If I’m creating a whitelist for a mobile device on my network and that device is using a randomized MAC, is it going to work at all? How are randomized MACs not a nightmare on small networks?
You must log in or # to comment.
Both Android and IOS usually assign a single random MAC address per network, reusing that MAC each time it connects.
I have found this to be a bit unreliable, with some devices changing their MAC after around 6 months. I tend to disable random MAC for my devices on home networks; mostly because I assign every known device on my network a fixed IP via DHCP reservations.
For IOS devices, by default has “fixed” randomized MAC per network, i.e. each Wireless network you join sees a different MAC, but they’ll stay the same even if you leave and re-join (or even delete and re-add). So, it should not hamper MAC filtering since your AP will see the same MAC from the same device, unless you’re running more elaborate setups like multiple APs (I don’t know how IOS treats that).
This can be changed on a per-network basis in any case, so it is possible to turn it off on the device just for your home network.
Because the MAC address isn’t a part of the tcp/ip exchange. You’re specifically addressing TCP/IP only.

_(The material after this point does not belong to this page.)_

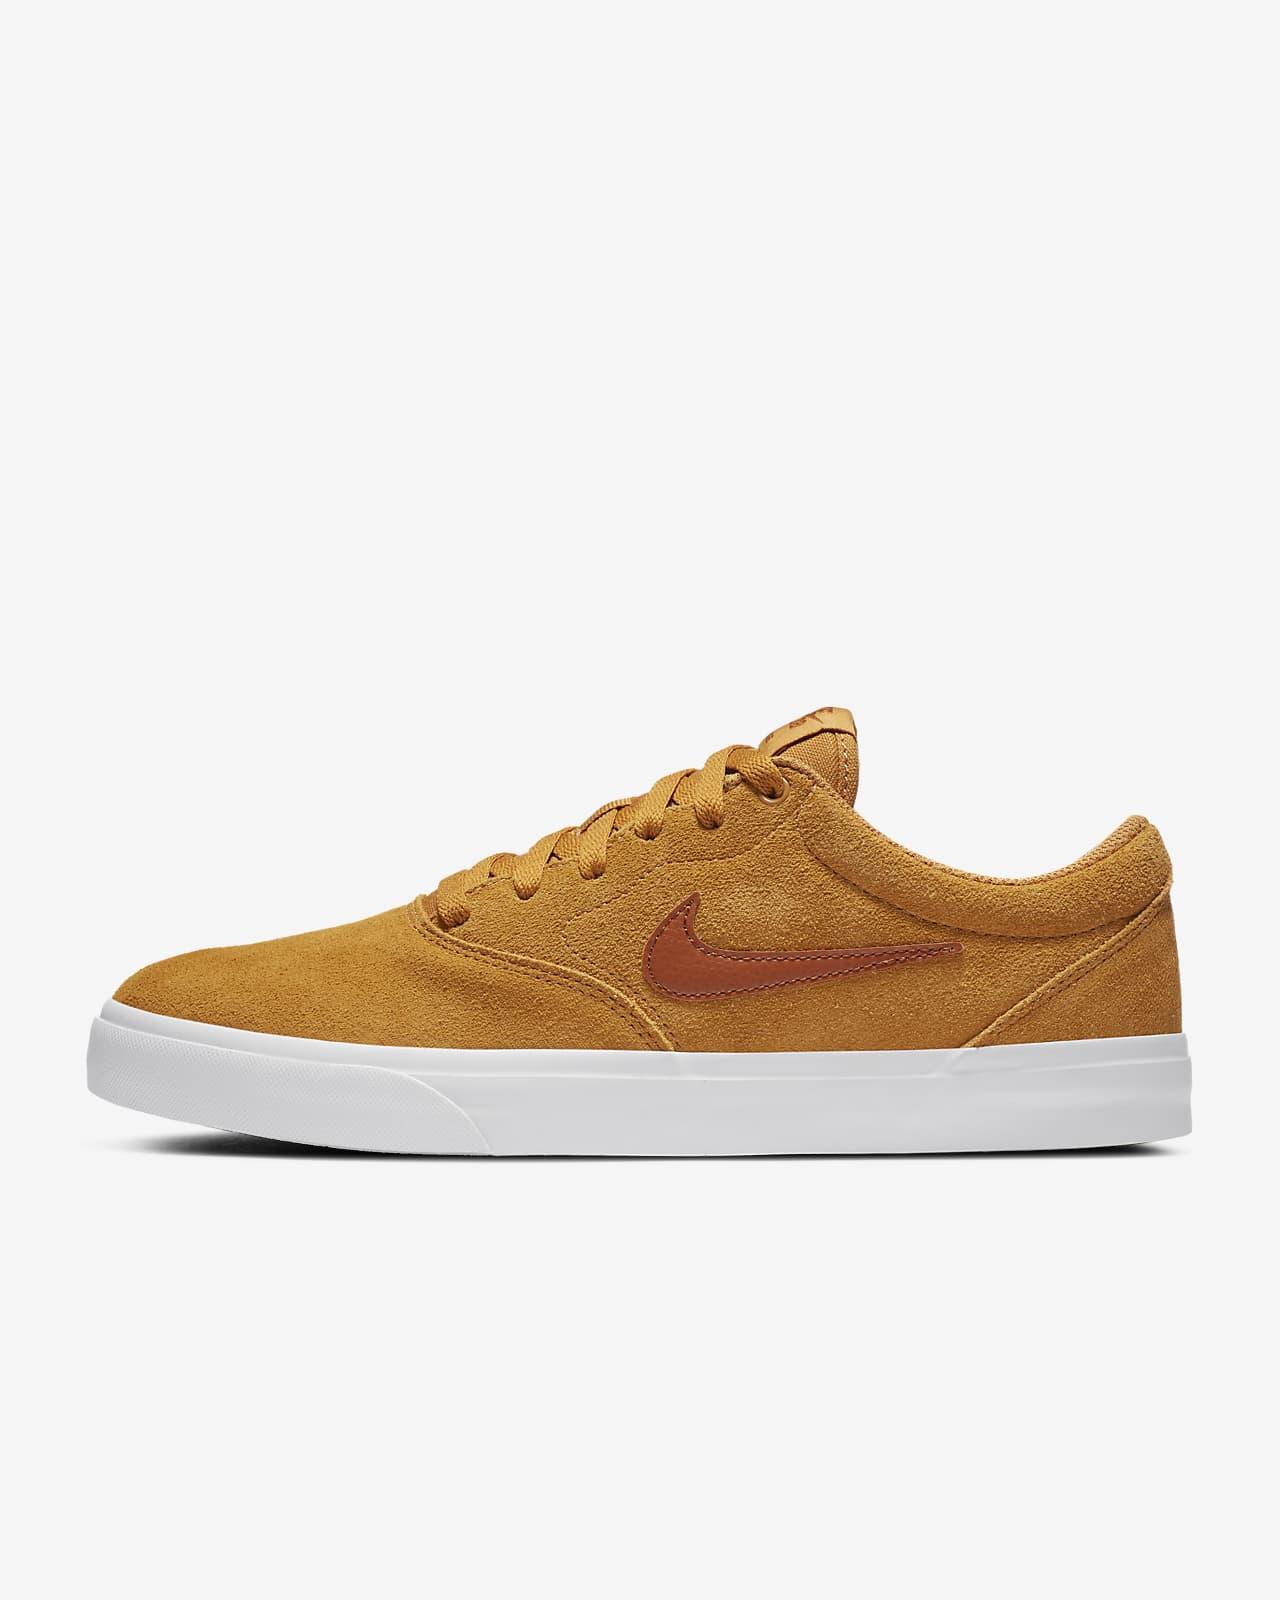 Sapatilhas de skateboard Nike SB Charge Suede

If you’re trying to block something by MAC address, you’re doing it wrong.
I see. Thanks.
What other way is there if the the IP is dynamic. I thought to create a whitelist for devices I had to add the client’s MAC to the custom group. It seems to work fine so far. I was just concerned that it wouldn’t continue to work if the iPhone changed its MAC.
That person is missing the point that a randomized MAC will often get a different DHCP lease, and the MAC address is used in that, so the IP address will change.
On a trusted Wi-Fi network, disable MAC randomization on your clients, and if possible reserve an IP address for their non-random MAC address. Some devices have deterministic random per WiFi network, which could also work. In iOS this is WiFi network -> private WiFi address “fixed”. “Rotating” would cause your pihole problems.
Assuming Android, you’ll want to deselect randomized MAC for your wifi. No reason to randomize on a trusted network. You can turn it off on a per network basis.
It’s a Boolean setting on Android, and there is no reason to change this. OP doesn’t understand networking.
Eh, in pihole mac or ip address is a valid way to add a device to a group so you can give it a different policy. I have multiple access points but they’re not meshed so if I randomized I’d have to have multiple client entries for a single device. Or turning off randomization for my trusted networks means just 1 client entry.
🤦
Sure, bud. Read up the chain.
At what point do imagine that DHCP is not in play here?
Y’all keep talking about randomized MAC like it’s a tool of anonymity or something. Wow.
Are you okay? They asked a very specific question and you’re coming in with answers that don’t matter.
When did I say anything about dhcp or mention randomized mac being a silver bullet for privacy? Your opinion on how effective it is or isn’t has nothing to do with the fact that they can turn it off for their network and it will solve the issue they’re asking about.